Here is what your completed test run of the tool should look like once you have input the parameters:
Let’s talk about what is going on while the script is running:
- The tool is using the census data file you created to calculate population in each age group and the standard age structure.
- The tool is calculating crude rates for each age category you specified. Once these are calculated, age-standardized rates (both smoothed and non-smoothed) are calculated for each age category and standard age structure.
- If there are GeoIDs (census Identifiers in this case) that are missing, or cannot be recognized in census data, you will receive a warning.
- All output file paths can be viewed under the Messages section in the Analysis > History Pane.
Understanding the output
1. Once the tool has completed all processes, three tables will be placed in the Output folder you specified. These include two intermediate tables required for calculations which can be used for verification:
- PopAge_structure_state37.csv: This file includes the population for each geographic unit in the state of interest by age category. You defined these age categories when you set up the tool.
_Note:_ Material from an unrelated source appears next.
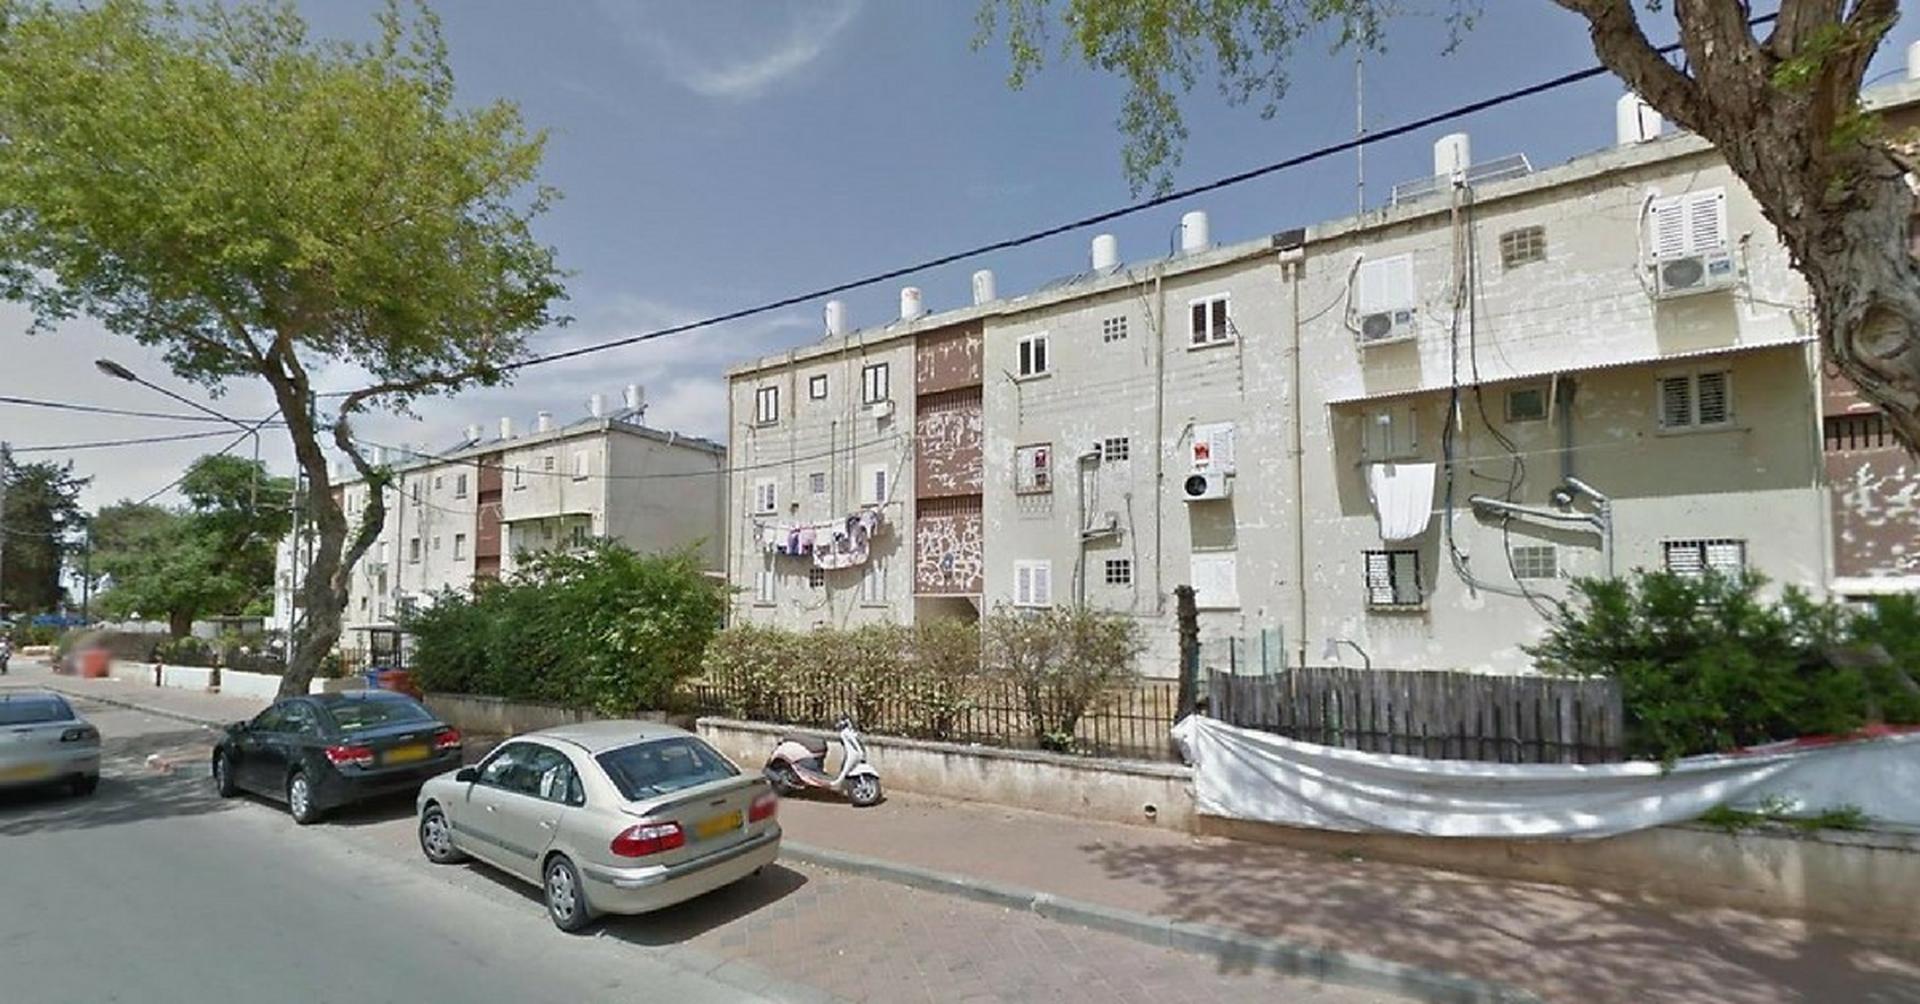 מבנים שצפויים לעבור פינוי בינוי בשכונת יד התשעה | צילום: עיריית הרצליה

- Standard_Age_structure.csv: This file includes the proportion of the population in each age category in the standard year of choice. This age structure was calculated using the population data from the whole United States. The structure works as the weight when calculating the weighted average for age-standardized mortality rate.
- And the table with your results: age_adjust_NC_HeartDisease0608.csv
2. Add the results table to ArcMap and open it up to see what has been produced.
- Age_adjust_rate: the non-smoothed rate per 100,000
- SpBay_AAR: the spatially smoothed rate per 100,000
- SpBay_2p5 & SpBay_97p5: the lower and upper boundaries for 95% confidence interval for spatially smoothed age-standardized rate
- Baye_AAR: the smoothed rate per 100,000
- Baye_2p5 & Baye_97p5: the lower and upper boundaries for 95% confidence interval for smoothed age-standardized rate.
3. Potential Alert Messages: When the width of the confidence interval (Upper limit – Lower limit) is larger than the estimate, the estimate is unreliable. These rates should NOT be mapped.
- Alert: Unreliable Empirical Bayesian Estimate!!! – The empirical Bayesian estimate is not reliable in the region.
- Alert: Unreliable Spatial Bayesian Estimate!!! – The spatial Bayesian estimate is not reliable in the region.
- Alert: Unreliable Estimate!!! – Both estimates are not reliable in the region.
4. NSpUnreli: New after version 2.15. This field indicates the reliability of non-spatial Bayesian estimates. Non-spatial Bayesian will be reliable if NspUnrel is 0.
5. SpUnreli: New after version 2.15. This field indicates the reliability of spatial Bayesian estimates. Spatial Bayesian will be reliable if SpUnrel is 0.